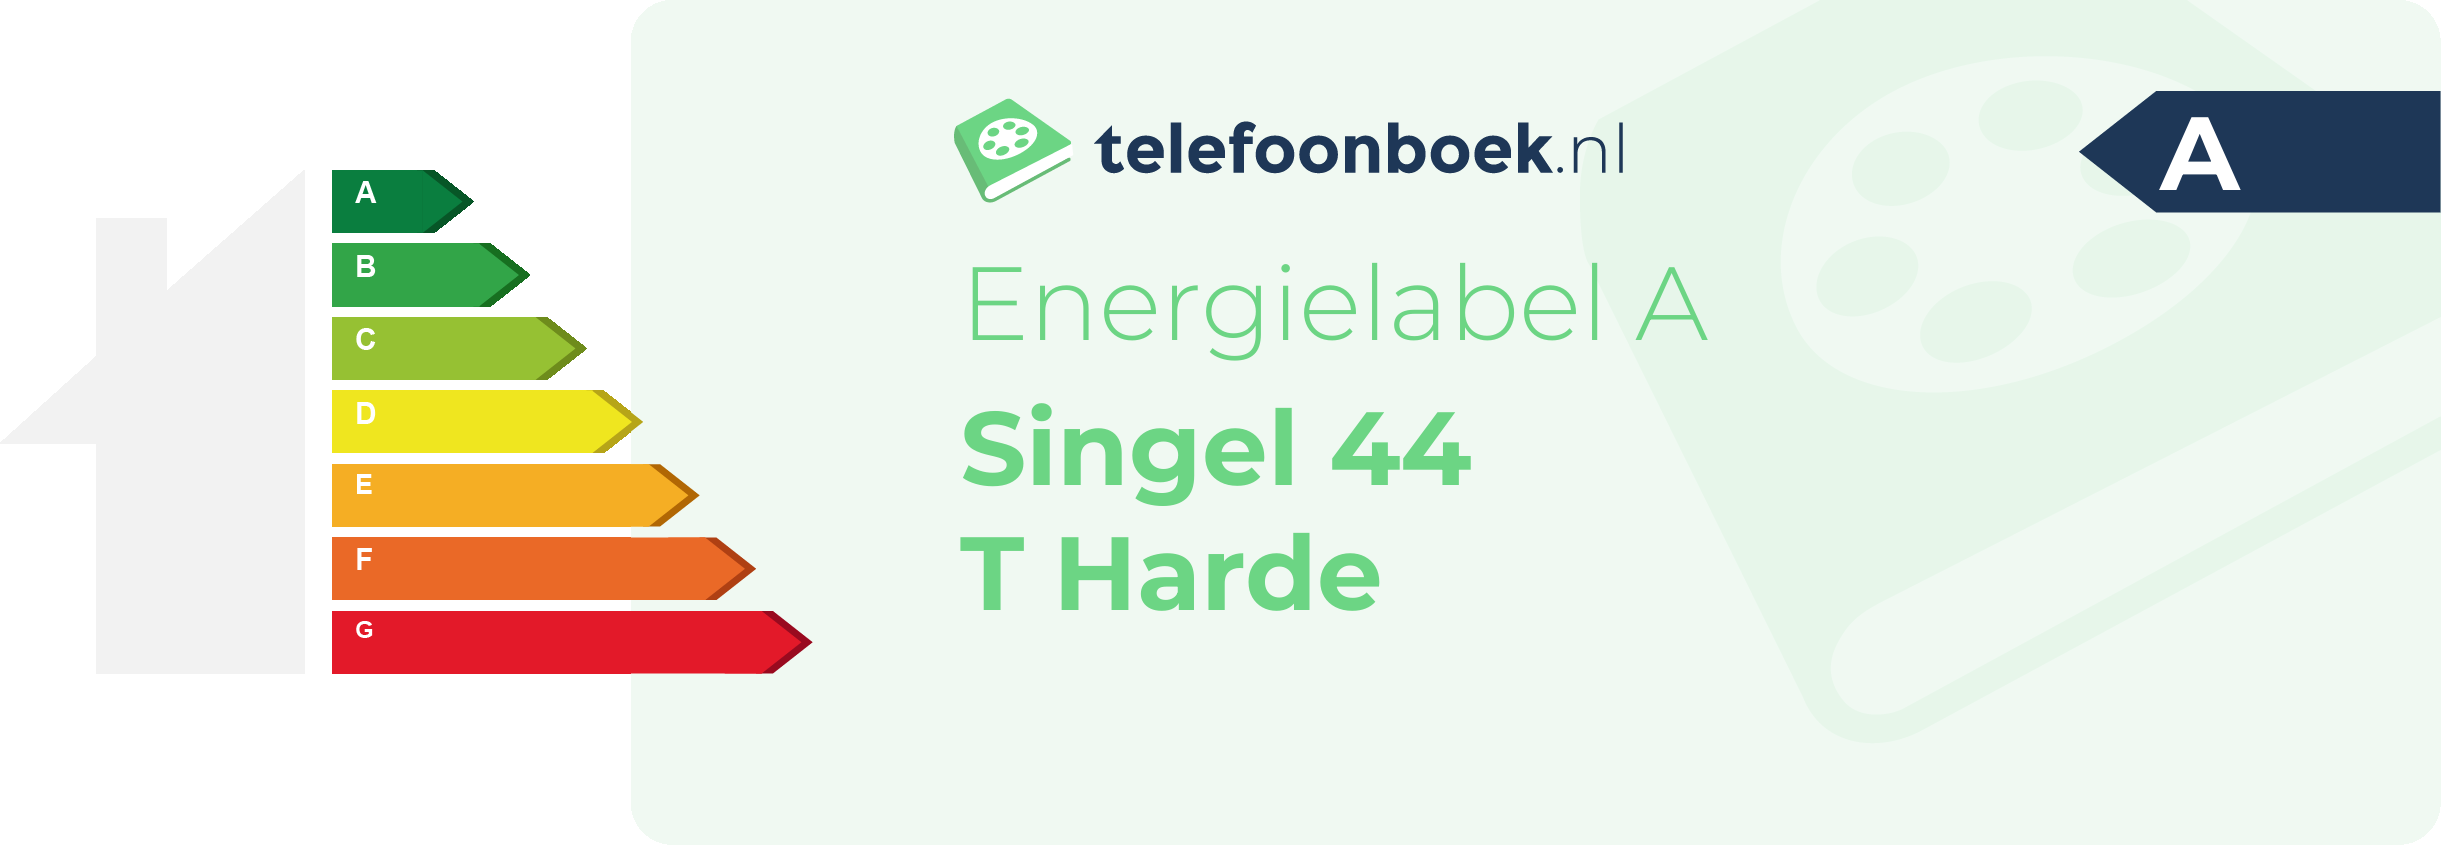 Energielabel Singel 44 T Harde
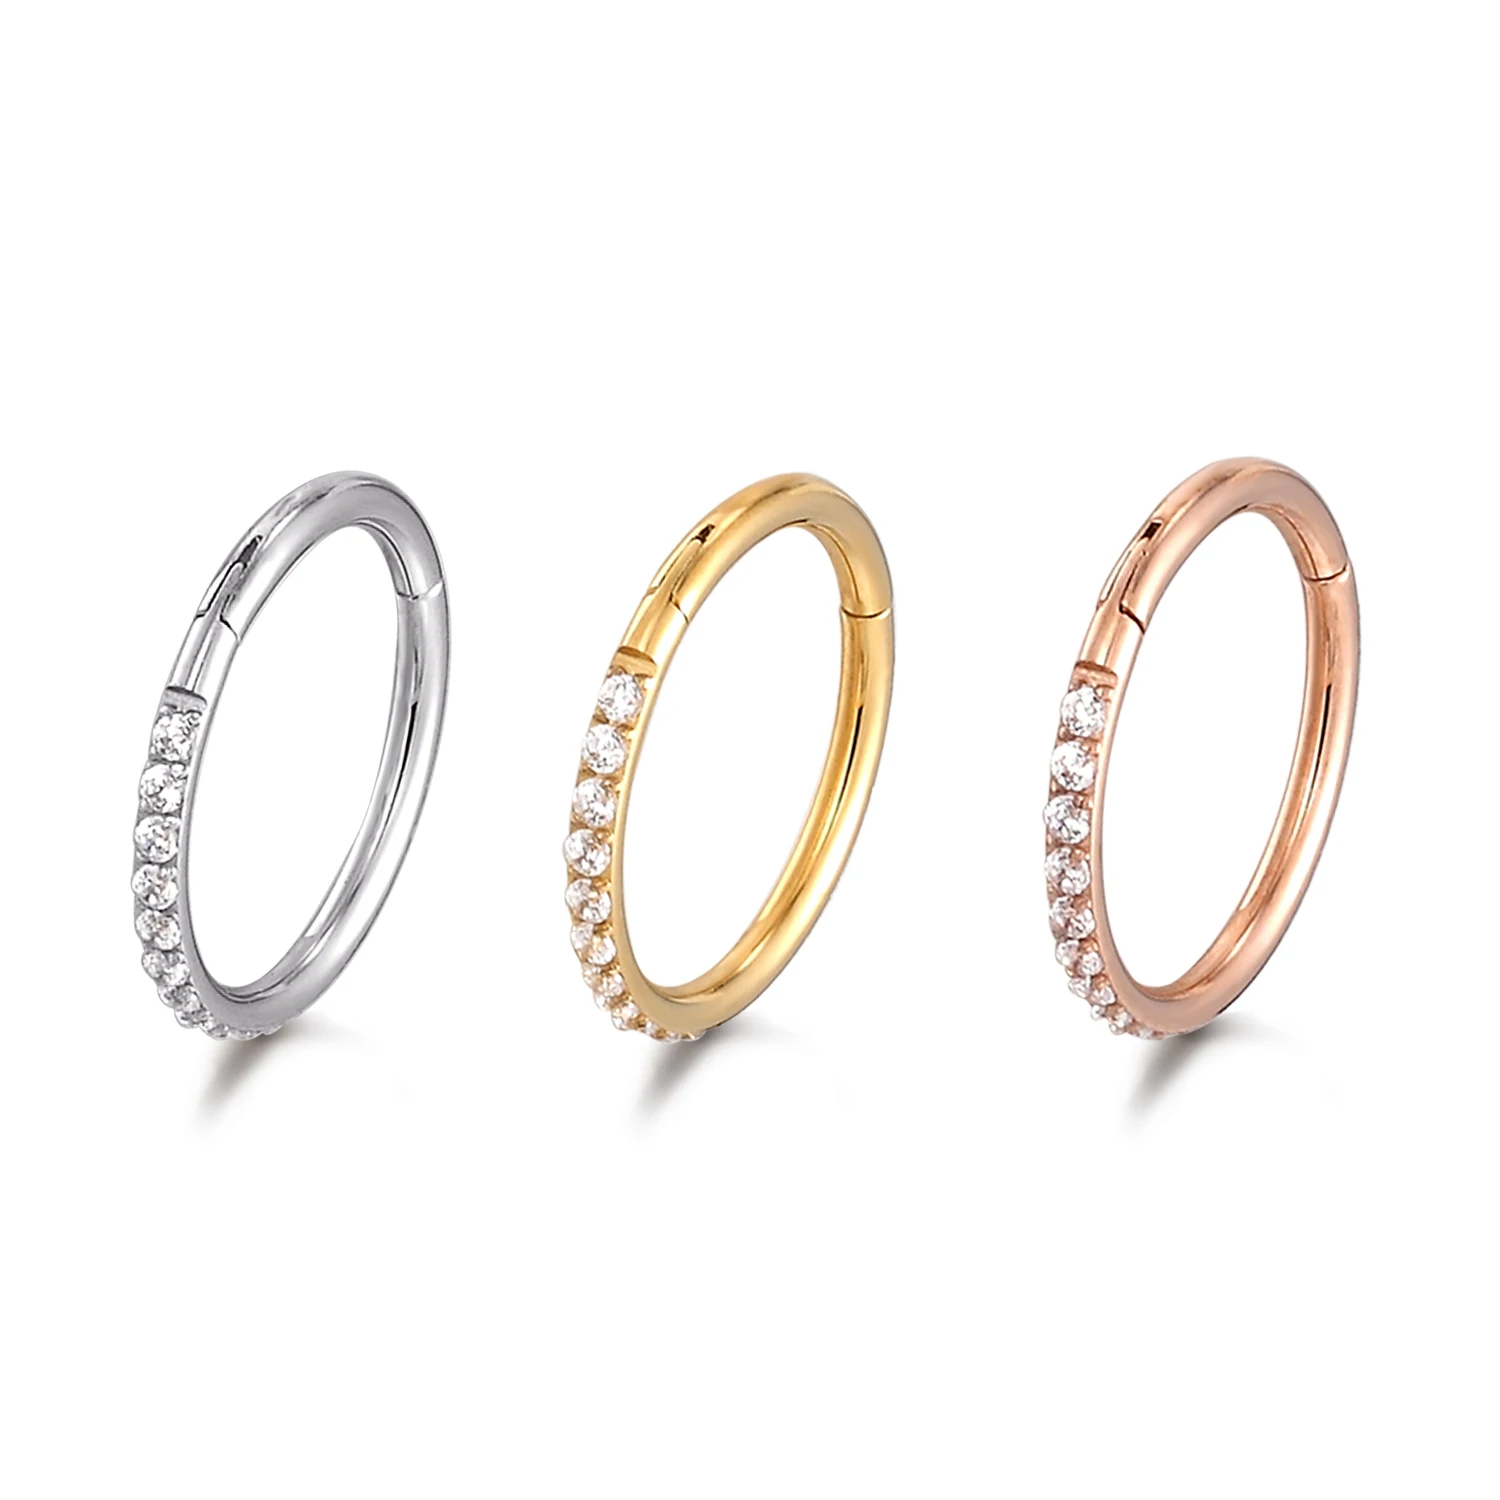 6-12mm Stainless Steel Zircon stone Hight Segment Clicker Ring Nose Septum Jewelry Earrings Septum Ring Piercing Fashion Jewelr
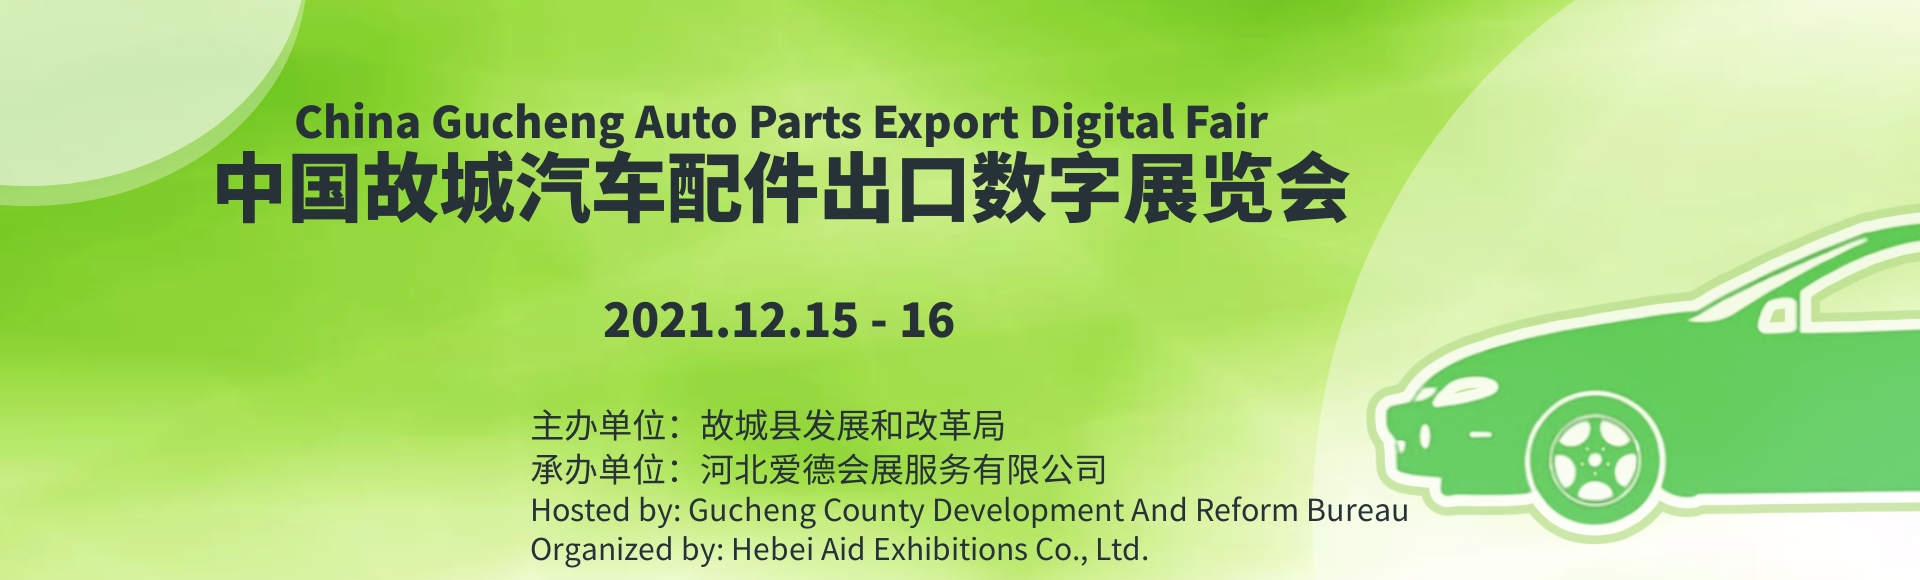 <font color=#ff0000>2021中国（故城）汽车配件出口数字展览会</font>
+++++
* YOUR GOAL *
Retype the data above exactly, dropping every picture.

* TASK RESULT *
 Energielabel Singel 44 T Harde
 6-12mm Stainless Steel Zircon stone Hight Segment Clicker Ring Nose Septum Jewelry Earrings Septum Ring Piercing Fashion Jewelr
 <font color=#ff0000>2021中国（故城）汽车配件出口数字展览会</font>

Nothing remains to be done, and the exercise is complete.